_TASK DIRECTIONS:_ In the data below, find the line with "jovem atraente com" and the line with "Fotografie: Tor mit", then restate both and every line between them exactly, minus the pictures.

_RECORDED DATA:_
::::

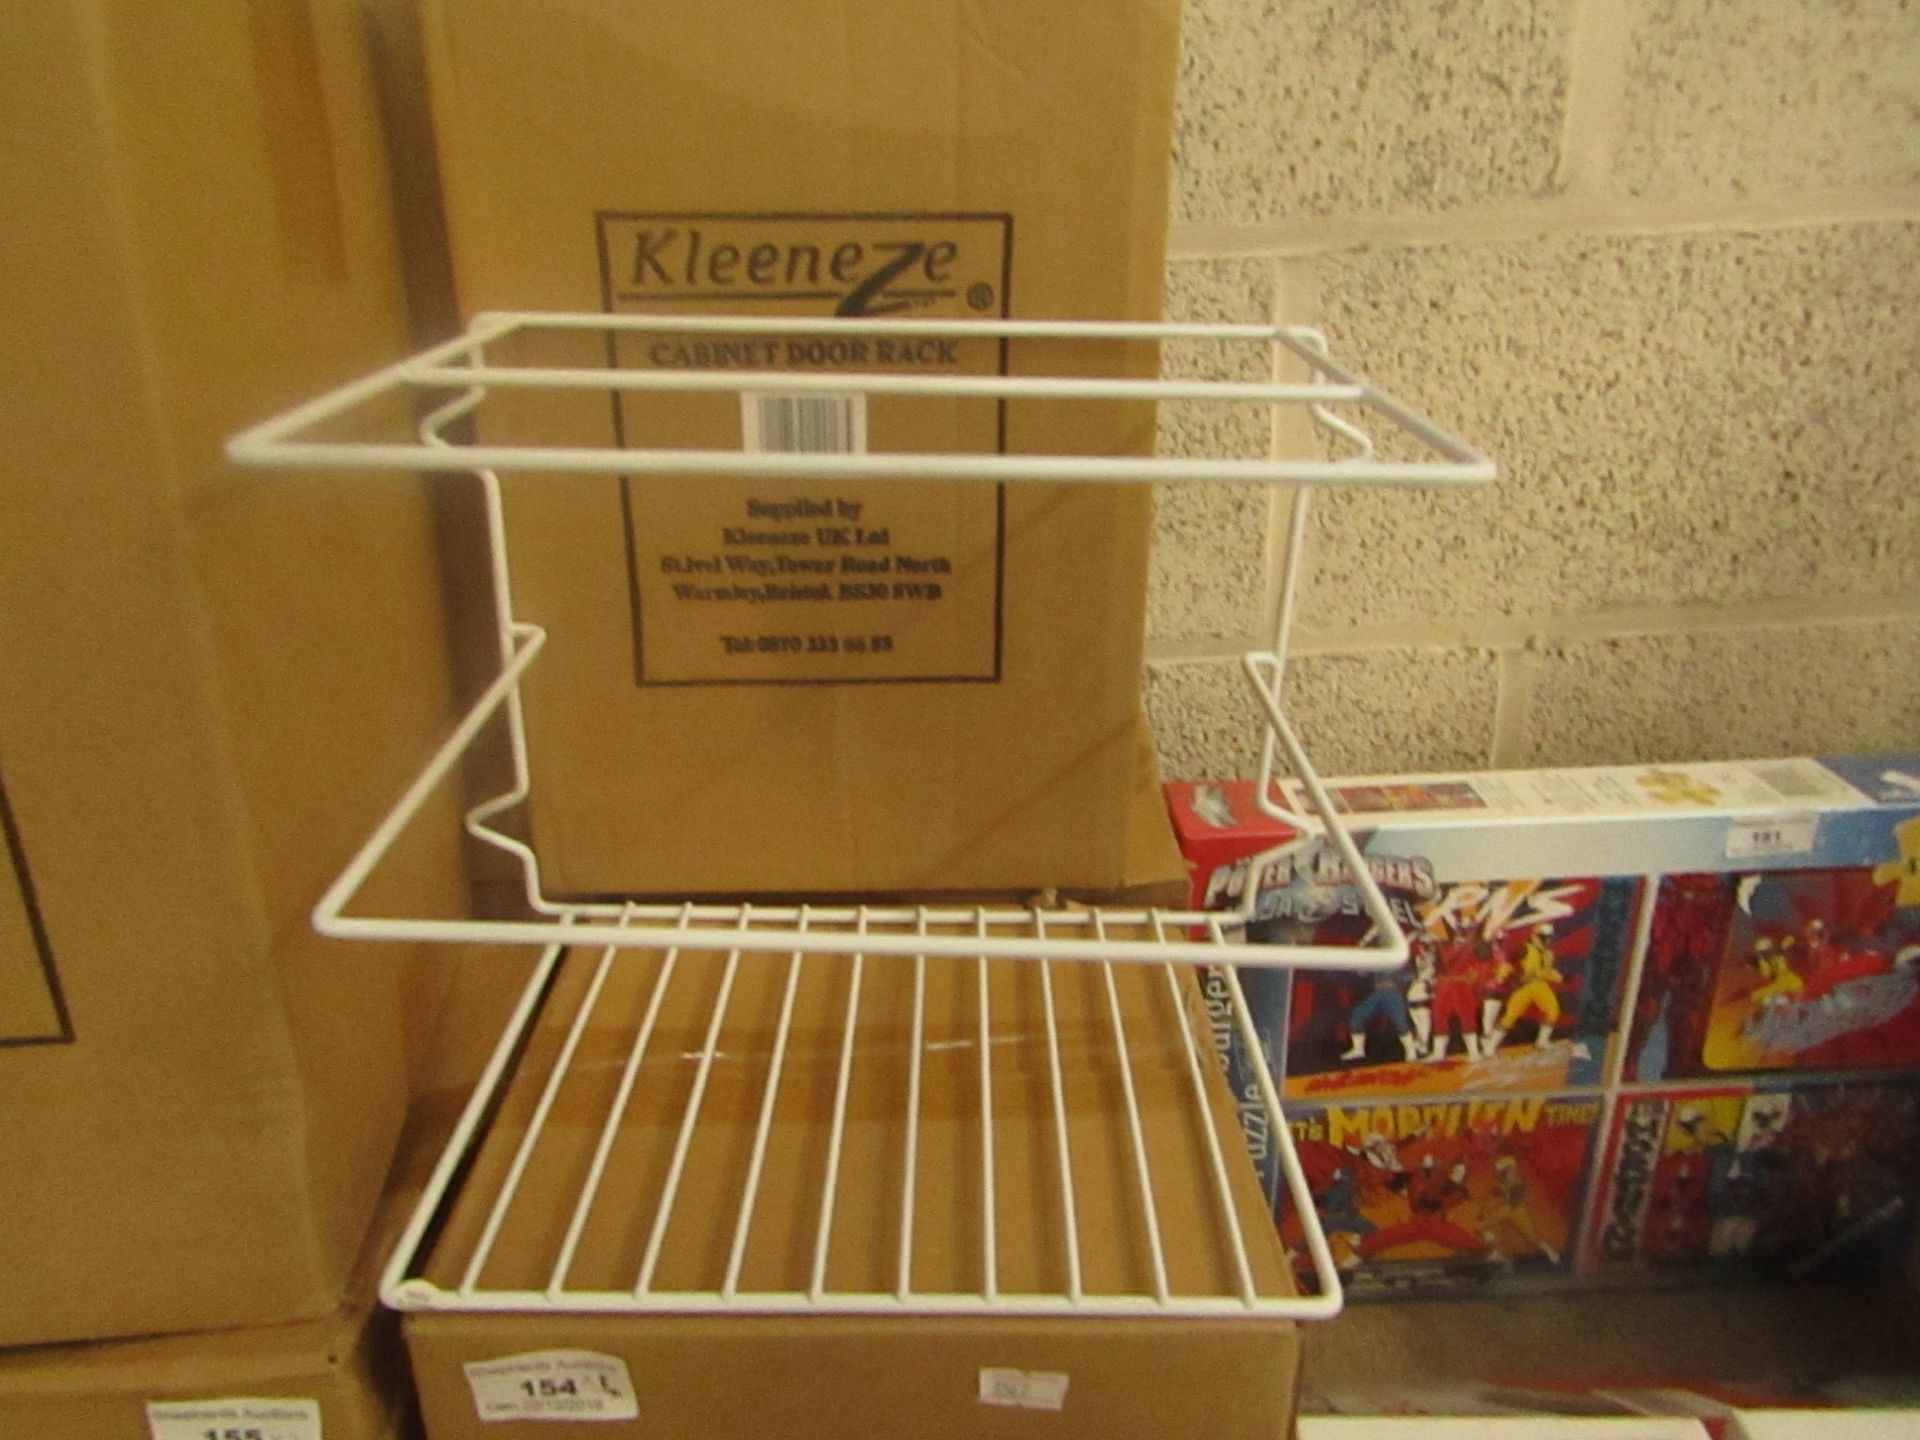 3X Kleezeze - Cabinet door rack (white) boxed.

::::

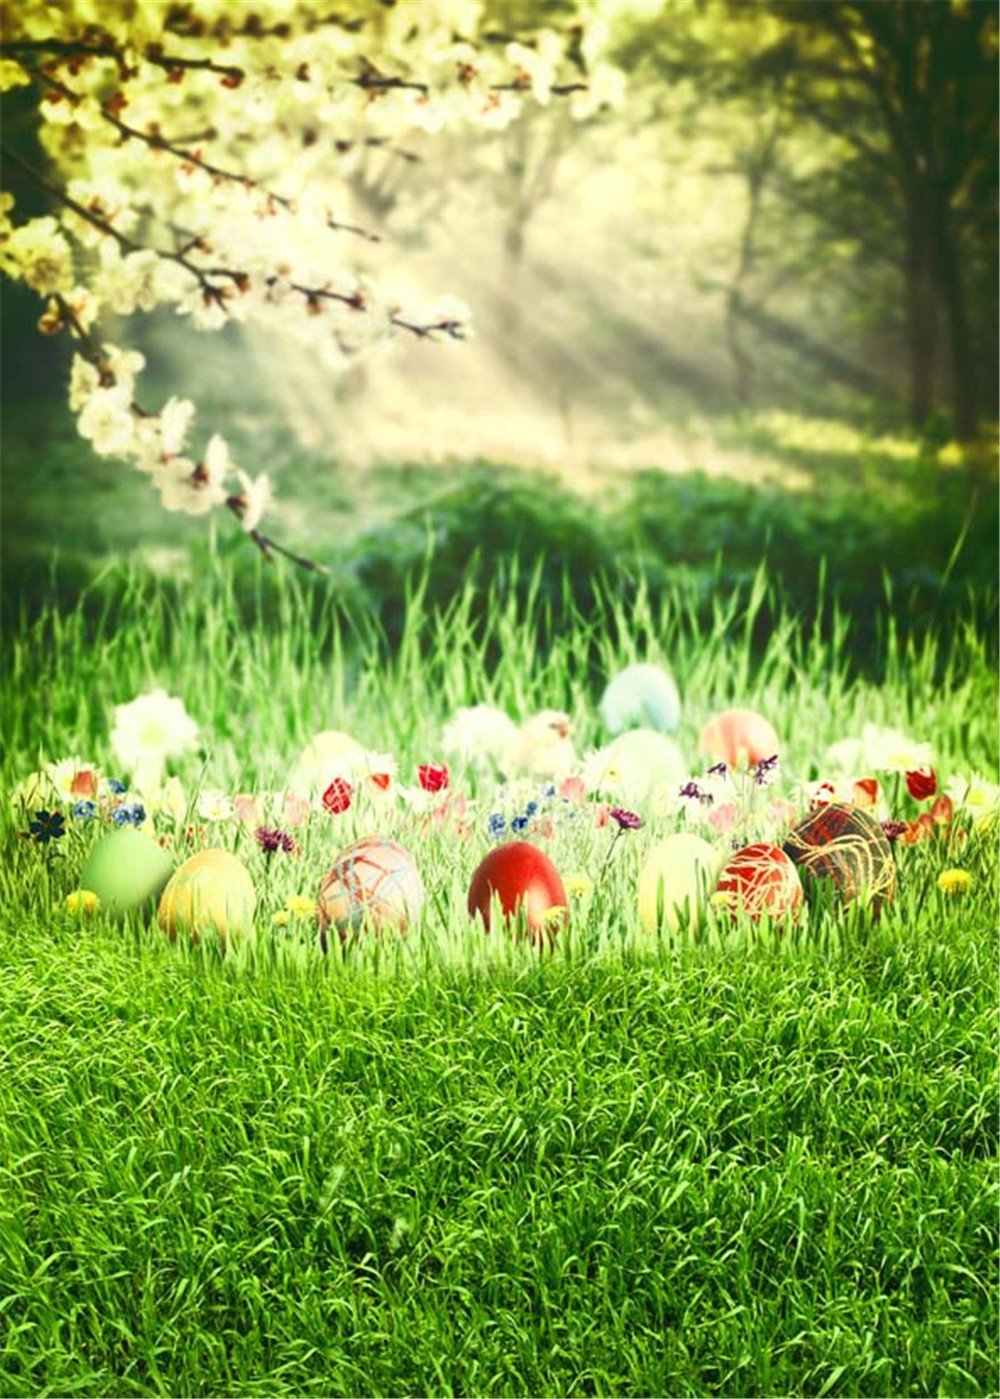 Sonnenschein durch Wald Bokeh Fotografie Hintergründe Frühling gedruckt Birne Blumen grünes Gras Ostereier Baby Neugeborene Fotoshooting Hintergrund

::::

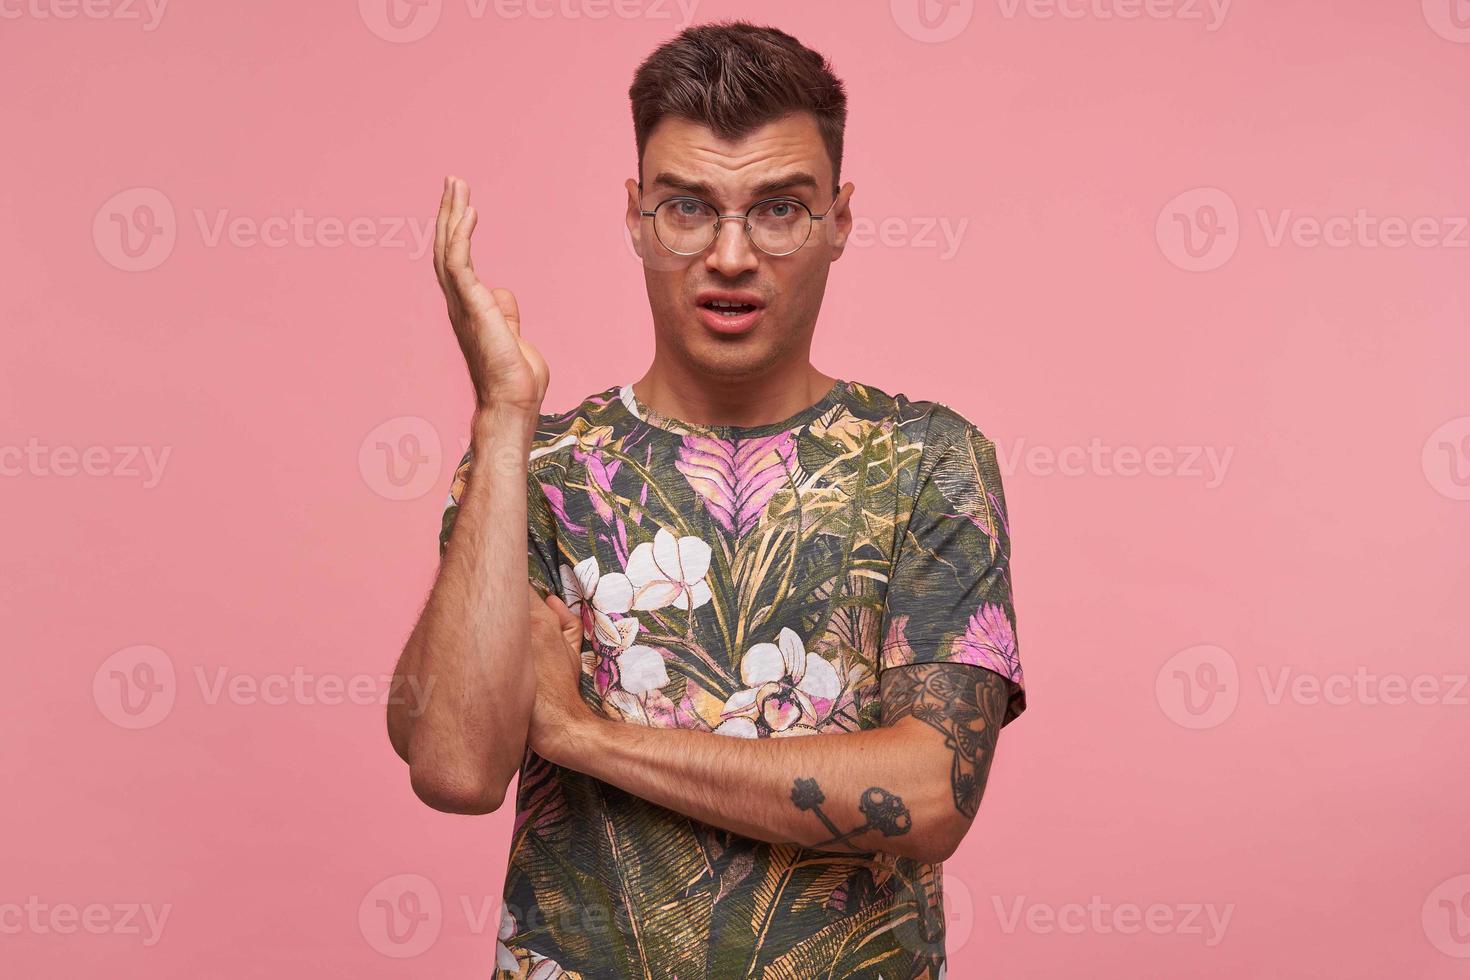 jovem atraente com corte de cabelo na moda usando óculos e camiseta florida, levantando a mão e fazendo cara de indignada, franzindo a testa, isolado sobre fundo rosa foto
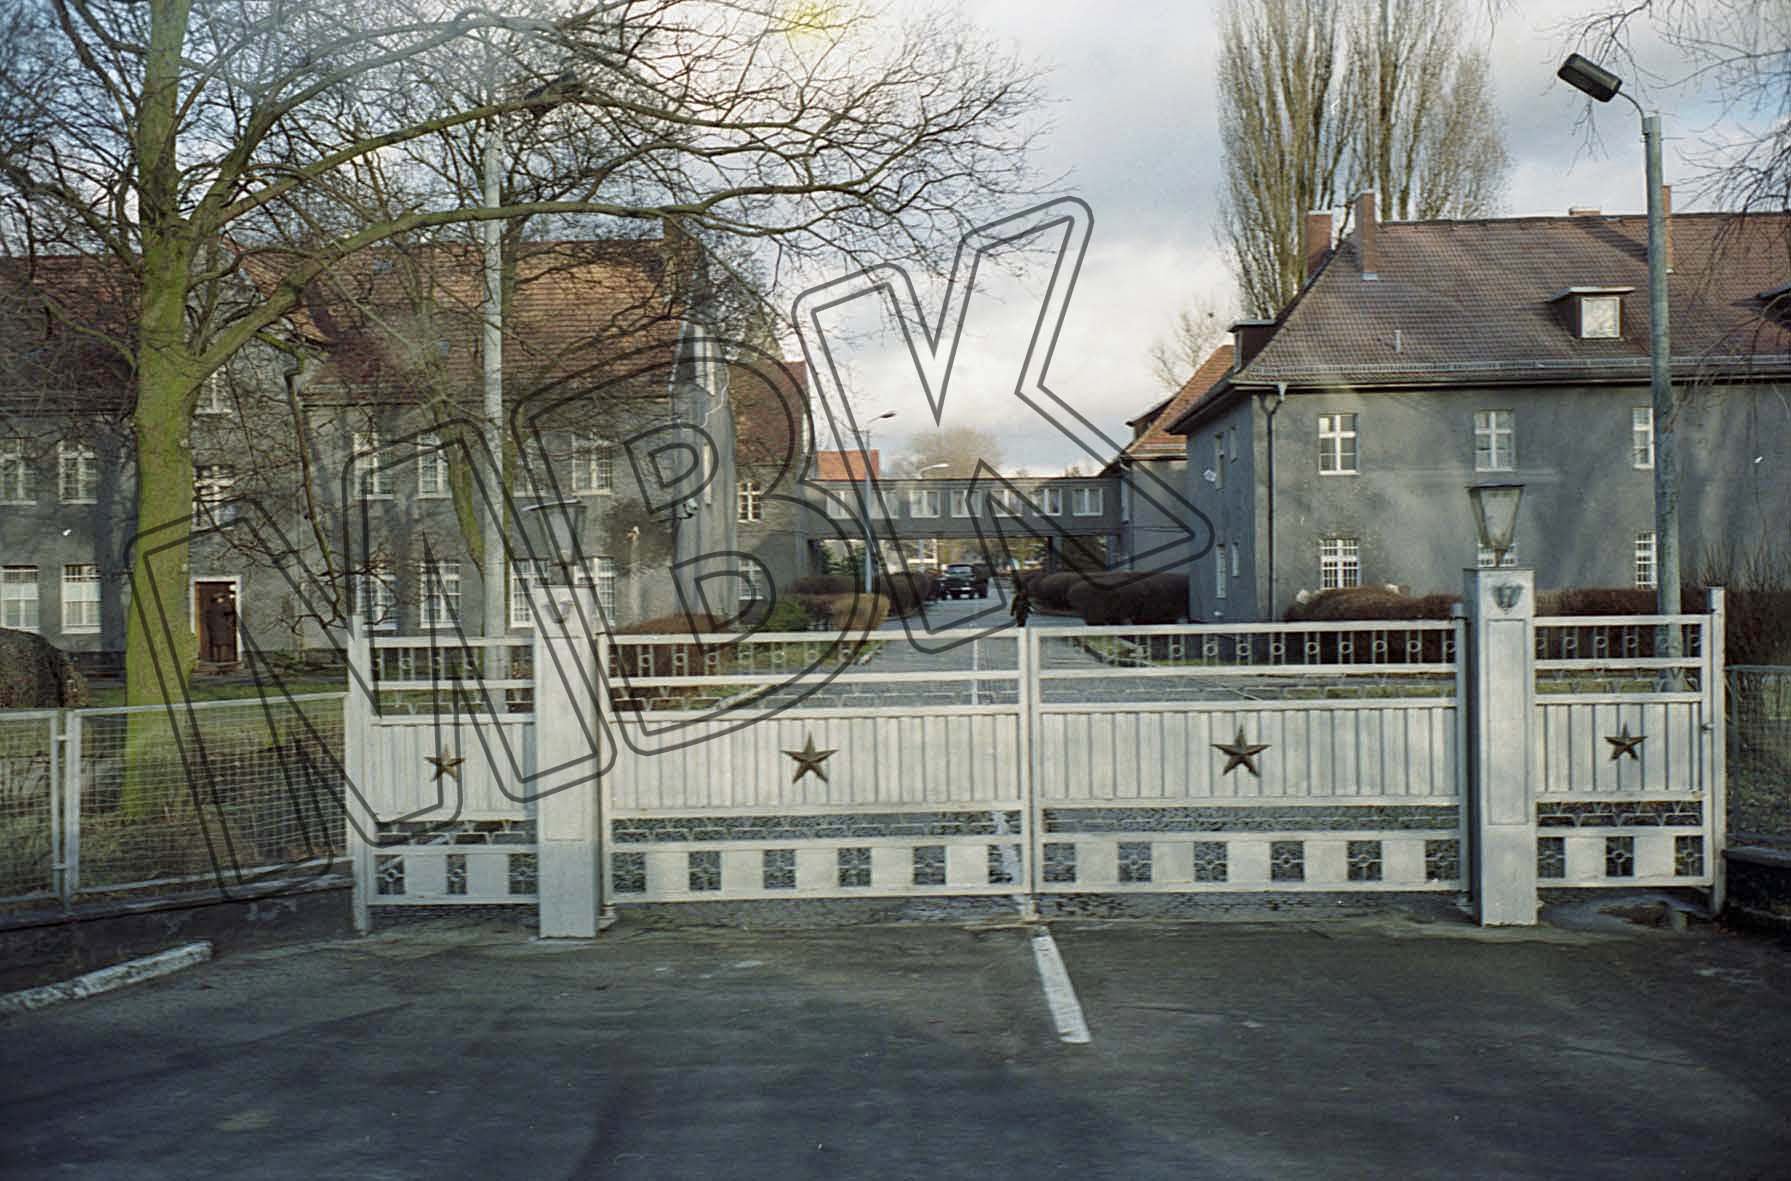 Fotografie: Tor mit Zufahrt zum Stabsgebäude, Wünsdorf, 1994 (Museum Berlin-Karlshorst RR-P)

::::

_ANSWER TO THE PROBLEM:_
 jovem atraente com corte de cabelo na moda usando óculos e camiseta florida, levantando a mão e fazendo cara de indignada, franzindo a testa, isolado sobre fundo rosa foto
 Fotografie: Tor mit Zufahrt zum Stabsgebäude, Wünsdorf, 1994 (Museum Berlin-Karlshorst RR-P)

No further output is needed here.